I wonder if the designers of the new policy have taken this strategic effect into account, which will tend to hollow out certain cells in the middle and populate those on the right.
Given all this, how do we assess the changes? Despite some provocations and too simplistic securities, the merits of the new fee structure are debatable and our assessment should depend on the default risks associated with each loan category as well as the overall objectives of the program itself. After all, the reason GSEs play a role in the mortgage market has always had to do with creating conditions for borrowers who would otherwise struggle to get loans. Such initiatives inevitably involve some degree of cross-subsidization. For example, our health insurance taxes are not tied to our health status, our life expectancy, or the likelihood that we will need particularly expensive care in future years.
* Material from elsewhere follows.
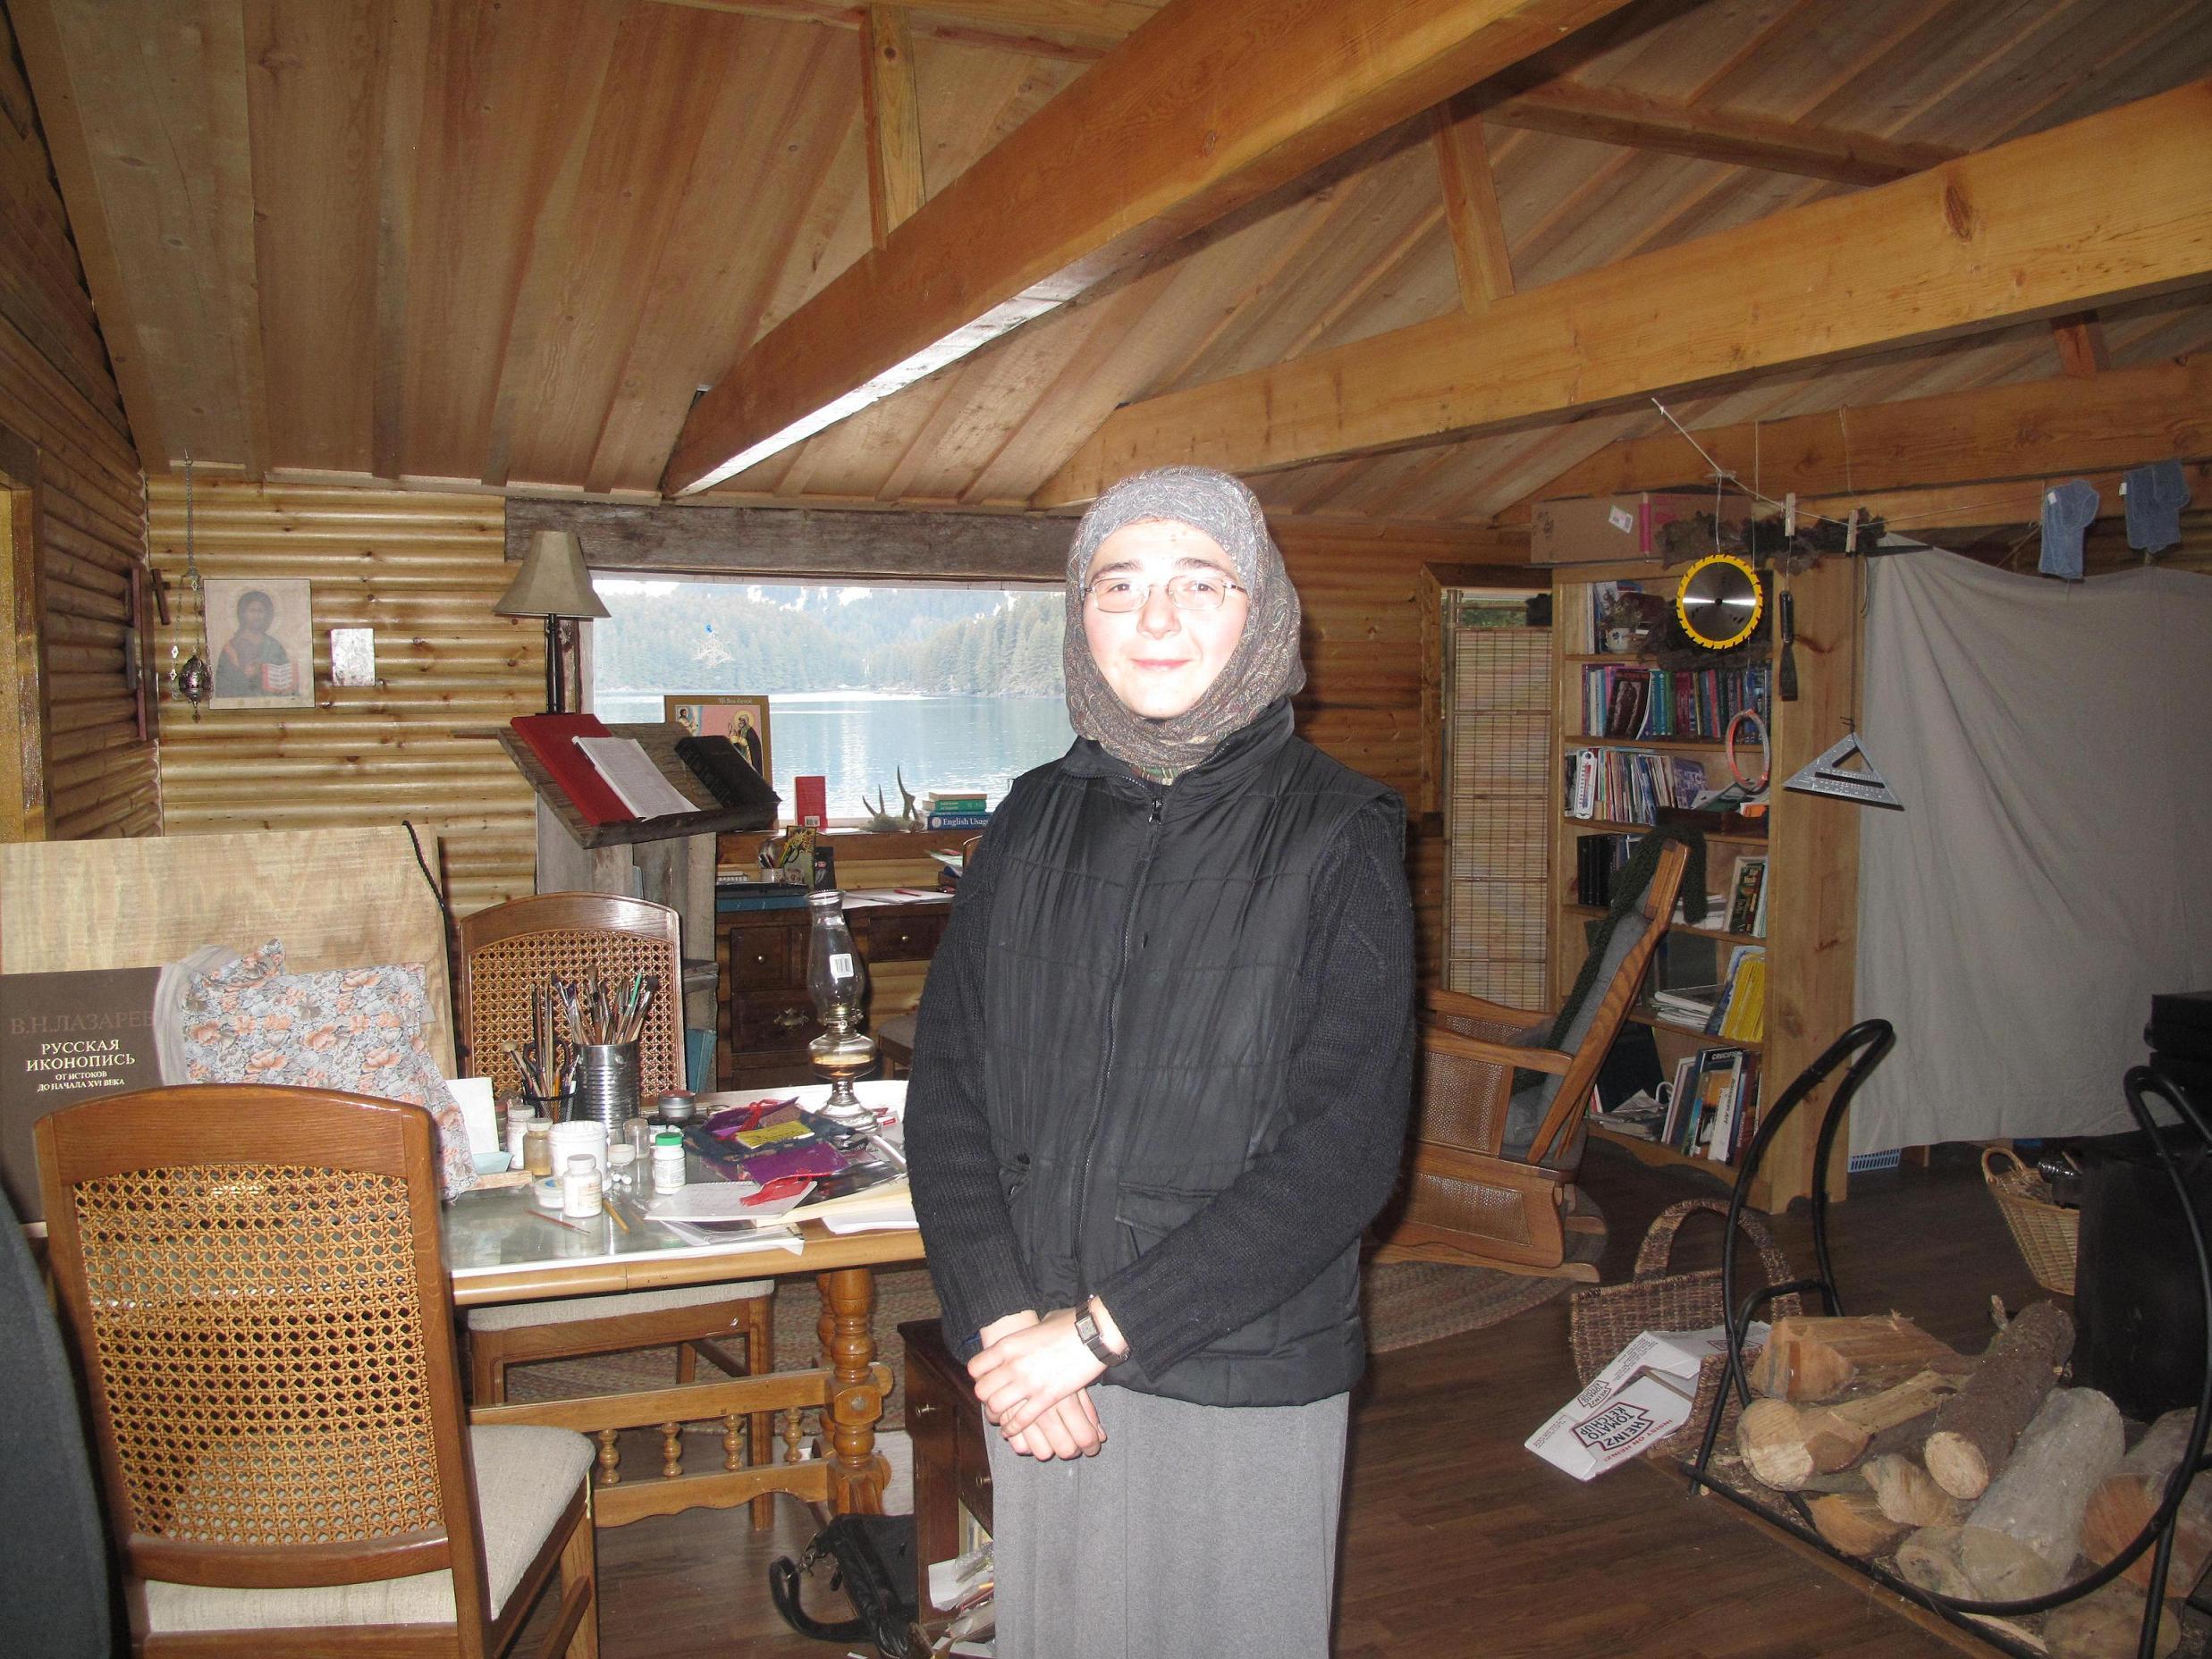 12 sora sosita din Rusia

Complaints about the new fee structure seem to implicitly assume that the structure it replaces was fully aligned with program objectives. But that in itself is a debatable proposition.
Some clarity from the administration regarding not only their goals, but precisely how changes in the fee structure should achieve those goals without harmful side effects would be most welcome at this stage. Otherwise, a policy change that may well have some merit will very easily be distorted and demonized.